Эпоха Романовых началась длинными войнами с остатками диких казаков, с ногайцами, с Заруцким, не пожелавшим присягать. Заруцкий был неприятен своей устойчивой связью с Мариной. Она так и таскалась с ним по таборам и станицам. Маленький царевич Ваня тоже был с ними. Несчастная семья своей воли не имела, их держал под собой казачий атаман Ус. Выбитые из Астрахани, бунтовщики двинулись на Яик. 25 июня осажденные в степном городке казаки сдались, целовали крест Михаилу и выдали князю Одоевскому Марину, Ваню и Заруцкого…

О трагических судьбах семей царских, генсековских, президентских, лишенных власти и спецраспределителя, можно было бы написать отдельное романтическое эссе. Но лучше — сляпать математическую диссертацию, потому что судьбы эти просчитываются мгновенно и до десятого знака после запятой. Сильного Заруцкого отправили в Москву с конвоем в 250 человек. Слабую, но страшную по природе Марину с ребенком, повезли отдельно под конвоем из 600 человек. Пакет, который чекисты должны были вскрыть в случае ее нечаянного шага вправо-влево, содержал — вы догадались, дорогие, я уверен! — приказ стрелять без предупреждения, колоть насмерть…

Четыре абзаца назад мы с вами, опытные мои читатели, недоумевали, чего это Михаил тянет с коронацией с майских праздников аж до 11 июля? Властный нетерпеж таких вольностей не позволяет, это вам не скорбь в животе претерпеть! А тут такое смирение без поста и епитимьи! Ну, может быть, ждали денег от Строгановых на выпивку и закуску? Нет. Кредит стали оформлять позже. А! Вот в чем дело. Пока на воле гуляла законная царица Марина, помазанная Богом, с сыном помазанного не поймешь чем покойного царя, небось неуютно было самому короноваться?

Но дело исправилось. Пленников привезли в Москву. Заруцкого картинно посадили на кол.
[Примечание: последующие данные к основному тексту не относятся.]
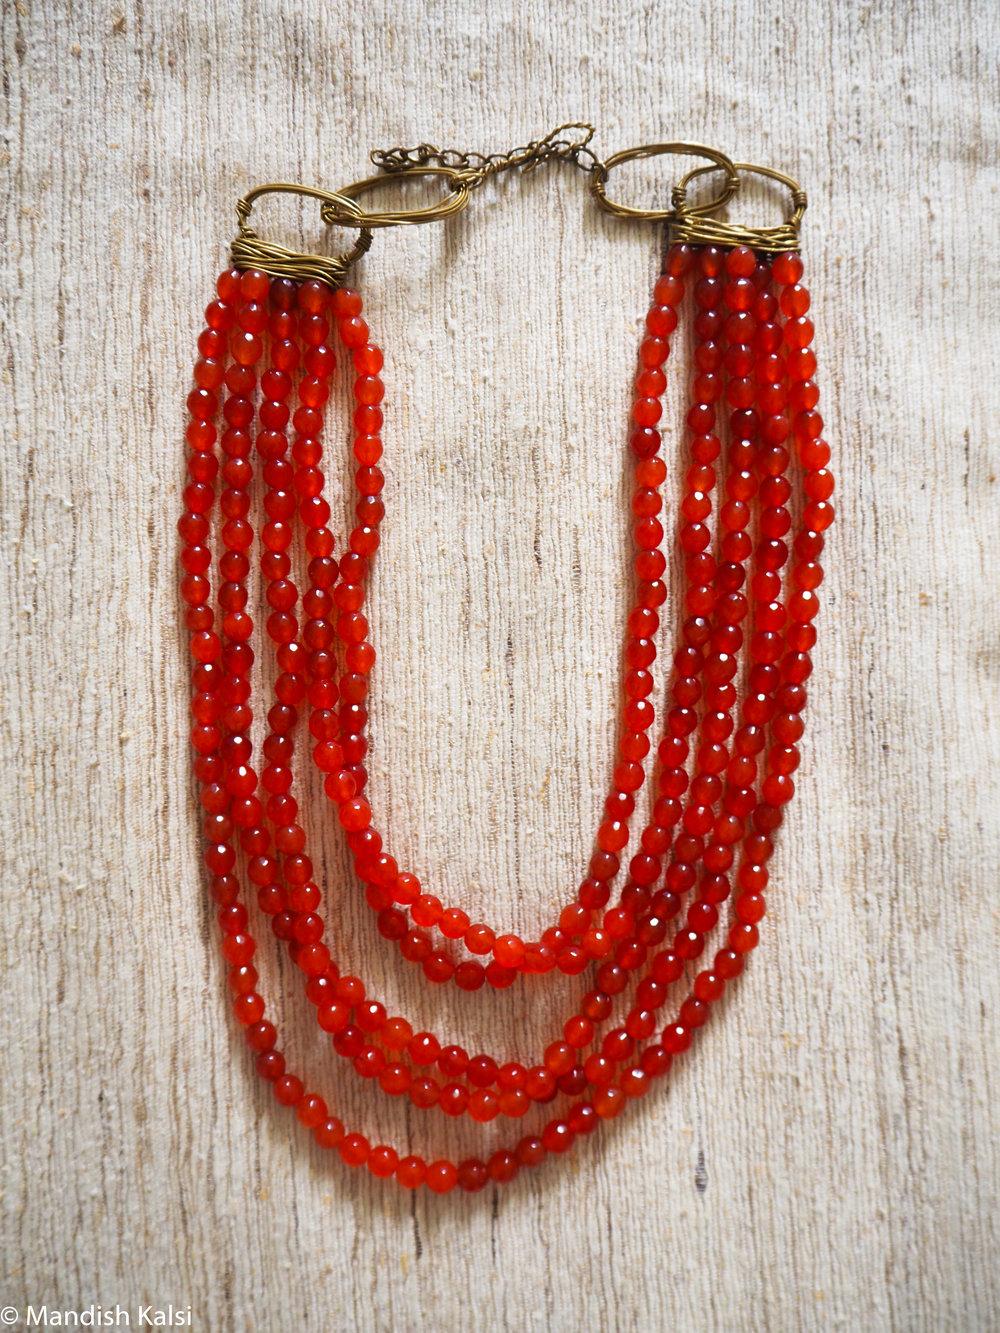 Edana necklace  Layered Carnelian beads.
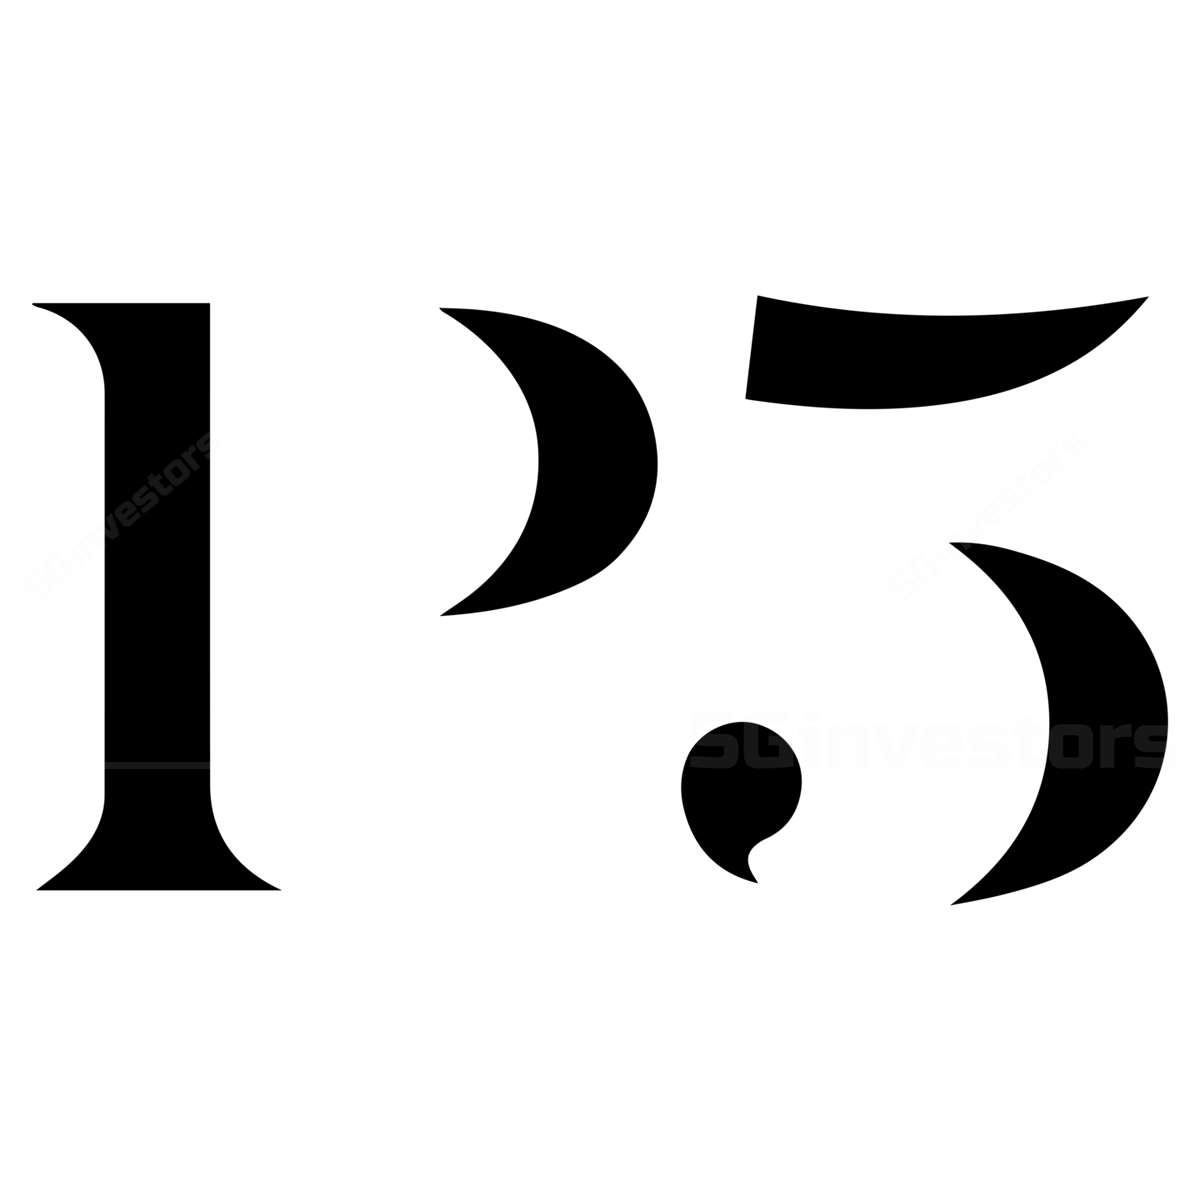 P5 CAPITAL HOLDINGS LTD. (SGX:5AI) @ SGinvestors.io

Длинным летним вечером москвичи прогуливались мимо пронзаемого бывшего триумвира и наблюдали, как человек медленно превращается в шашлык.

Малыша Ваню нежно повесили…

Вы представляете себе, как двухлетнему ребенку принародно затягивают на шее петлю вместо слюнявчика? А я плохо представляю. У меня что-то клинит внутри, и я все эти кровавые бульбы воображать отказываюсь. Мой прапрадед Логвин от созерцания базарной казни вполне взрослого вора и то умер. Так что это — наследственное. Тем не менее, приходится писать дальше.

Ну, вот. Марину посадили в тюрьму. Пауза.

Дальше все прозрачно, ибо царица внезапно скончалась от несоблюдения распорядка исправительного учреждения и собственного дурного характера. Поляки завопили, что на самом деле Марину сначала долго душили, потом утопили в мешке, но мы-то с вами знаем, — это бред. Поляки попутали наш «домовый обиход» с жалкой судьбой женщин Востока, где, по проверенным данным, — если Пушкин нам не врет, — прекрасных полек из бахчисарайского гарема топят в море, как собак.

Итак, бытие дома Романова началось в божьем доме Ипатьевском, продолжилось зверским убийством невинного агнца-царевича, бывшей царицы…

Стоп. Это что-то у нас с перемоткой ленты случилось. Нужно подмотать чуть-чуть вбок. Ага! Вот.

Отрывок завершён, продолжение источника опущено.